Companies should determine the appropriate balance sheet and
cash flow classifications of obligations related to the
programs, which also may impact how the programs are discussed
in MD&A.
[4]
See the Coronavirus Aid, Relief, and Economic Security Act,
available at
https://www.congress.gov/116/bills/hr748/BILLS-116hr748enr.pdf.
[5]
Certain loans under the CARES Act programs may be forgiven.
[6]
The CARES Act delays certain payroll taxes until 2021 and 2022. It
also eliminates the taxable income limit for certain net operating
losses (NOLs), permits carrybacks of NOLs, accelerates the refund
schedule for alternative minimum tax credits, and increases the
percentage of adjusted taxable income that can be offset by interest
expense deductions.
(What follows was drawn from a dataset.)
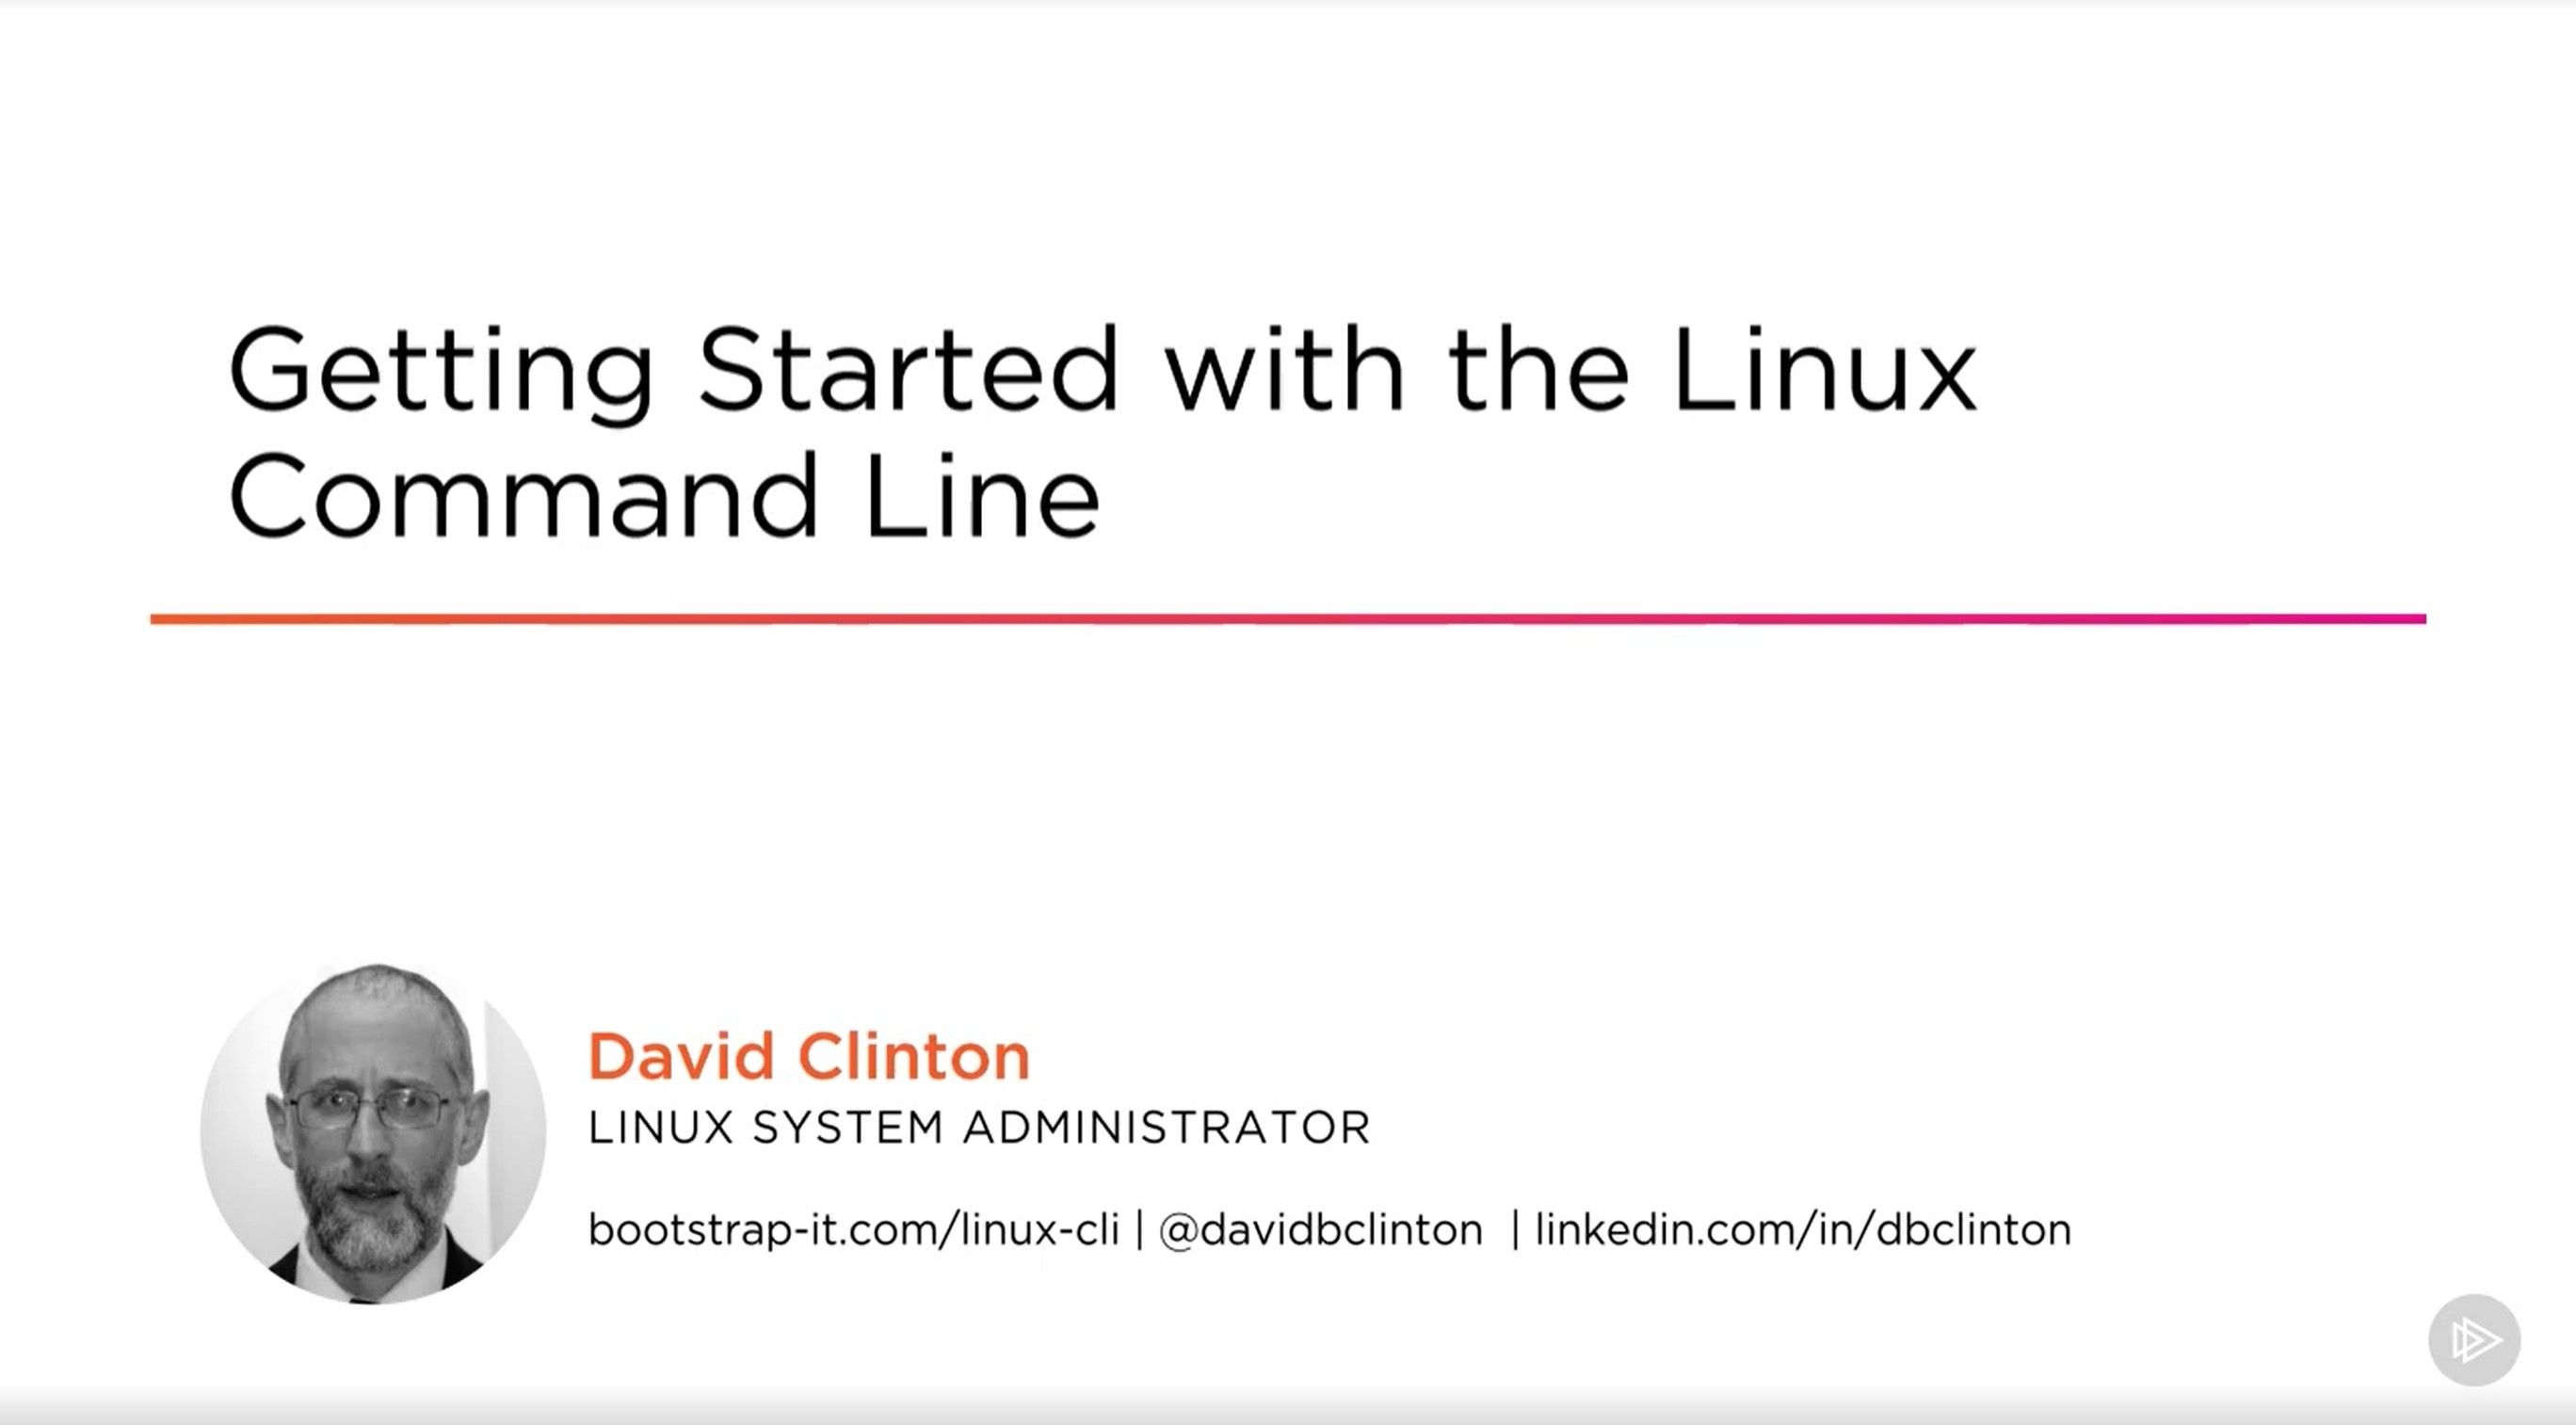 Getting started Linux

These are examples of relief that may result in
a tax refund for prior periods or reduction in current tax
payments.
[7]
Companies should provide required U.S. GAAP disclosures related to
any assistance received under the CARES Act, including the
accounting principles followed and the methods of applying those
principles if they materially affect financial condition, cash
flows, or results of operations and related disclosures.
[8]
These considerations also apply to foreign private issuers that
receive assistance from their home country.
[9]
For example, the SEC staff would not object to a company
accounting for a loan obtained under the Paycheck Protection
Program in Section 1102 of the CARES Act as either (i) debt
pursuant to ASC 470, or (ii) as a government grant by
analogy to IAS 20, provided certain conditions are met
(e.g., that it is probable that the registrant will meet the
terms for forgiveness of the loan).
[10]
Management’s evaluation should be based on relevant conditions and
events that are known and reasonably knowable at the date the
financial statements are issued. The evaluation initially shall not
take into consideration the potential mitigating effect of
management’s plans that have not been fully implemented. See
ASC 205-40.
[11]
See FASB ASC Topic 205-40-50. Among other things, U.S. GAAP
requires disclosures about whether there is substantial doubt about
a company’s ability to continue as a going concern, the conditions
and events that raise such doubt, management’s evaluation of those
conditions or events, and any plans to alleviate such doubt.